Substack

Saturday, August 11, 2012

Unintended consequences of carbon credit trades

Consider the parable of a child who is prone to occasional misbehavior. To encourage him to change this bad habit, every time he misbehaves the parents offer a small cash reward if the child behaves well for a week afterwards. The child soon realizes the benefit from misbehaving as frequently as possible so as to maximize his reward payouts. The net result is that, far from reducing bad behavior, the cash reward actually ends up worsening the child's behavior.

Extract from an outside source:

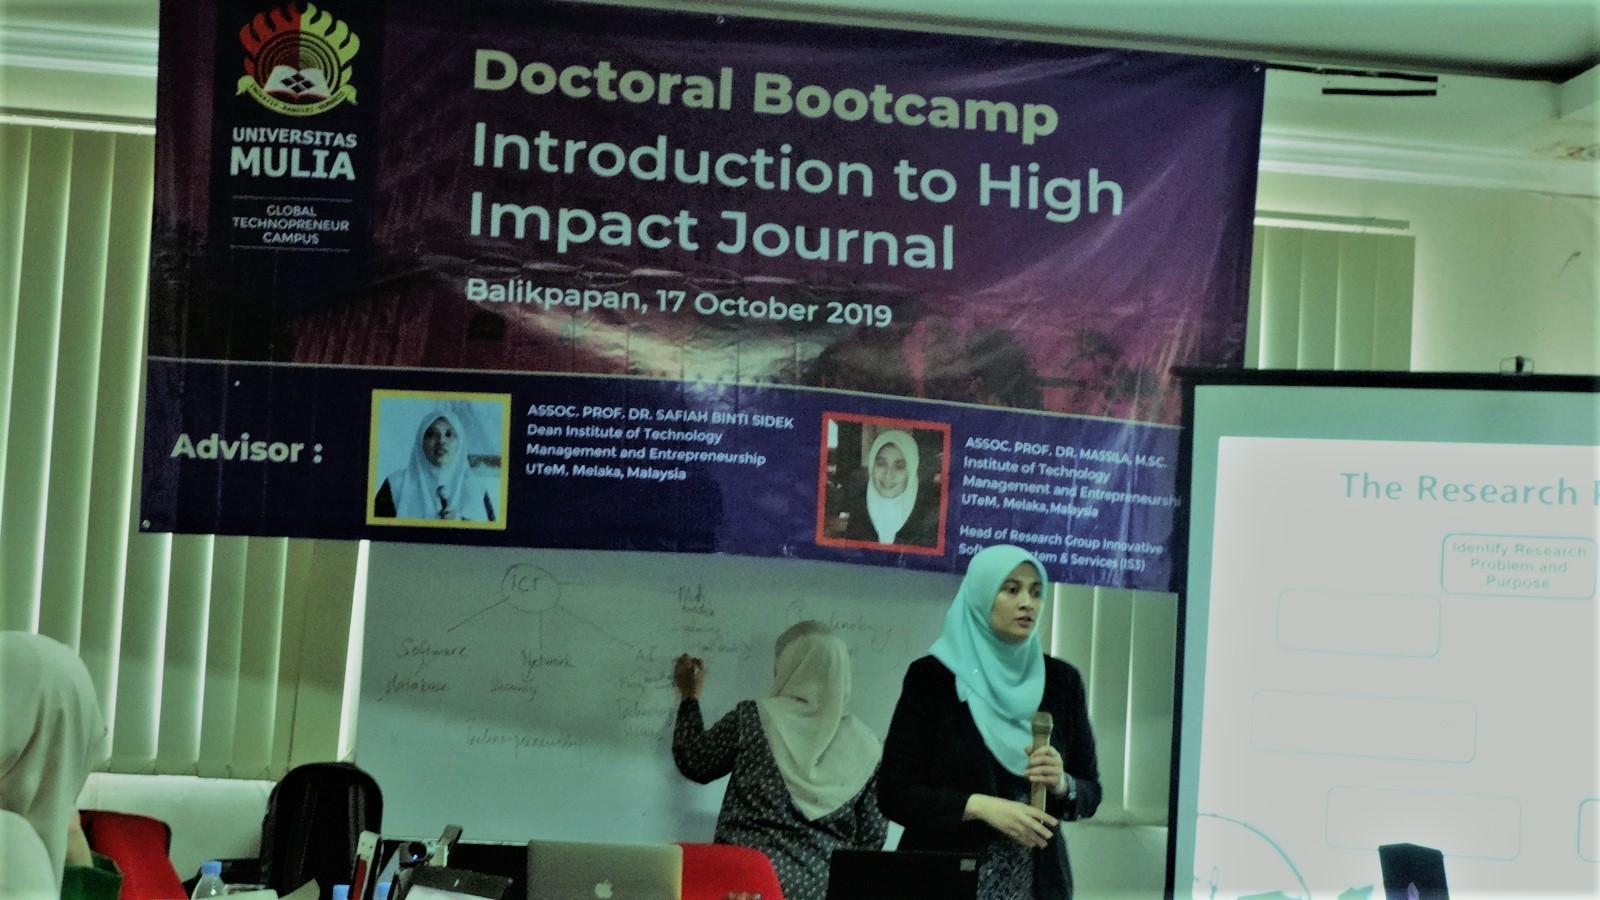 Prof. Dr Masilla MSc dari Universitas Teknologi Melaka Malaysia, Kamis (17/10). Foto: dok. pribadi

In a similar context, Times has an interesting story that highlights how carbon trading to mitigate ozone-depleting greenhouse gas emissions (used in refrigeration and air conditioning) has had the unintended effect of actually increasing emissions. It shows how this has distorted the incentives of manufacturers of such gases
The more dangerous the gas, the more that manufacturers in developing nations would be compensated as they reduced their emissions... they could earn one carbon credit by eliminating one ton of carbon dioxide, but could earn more than 11,000 credits by simply destroying a ton of an obscure waste gas normally released in the manufacturing of a widely used coolant gas...That incentive has driven plants in the developing world not only to increase production of the coolant gas but also to keep it high...

Since 2005 the 19 plants receiving the waste gas payments have profited handsomely from an unlikely business: churning out more harmful coolant gas so they can be paid to destroy its waste byproduct. The high output keeps the prices of the coolant gas irresistibly low, discouraging air-conditioning companies from switching to less-damaging alternative gases. That means, critics say, that United Nations subsidies intended to improve the environment are instead creating their own damage...
The production of coolants was so driven by the lure of carbon credits for waste gas that in the first few years more than half of the plants operated only until they had produced the maximum amount of gas eligible for the carbon credit subsidy, then shut down until the next year... The manufacturers have grown accustomed to an income stream that in some years accounted for half their profits... Some Chinese producers have said that if the payments were to end, they would vent gas skyward.
In fact, these 19 plants producing HFC-23 have taken 46% of all carbon credits issued by the United Nations Environment Program.















This is yet another example of the challenge associated with effective enforcement of any emissions trading scheme. I have blogged earlier here, here, and here, about how carbon tax, being very simple, is a more realistic and therefore implementable strategy to reduce carbon emissions.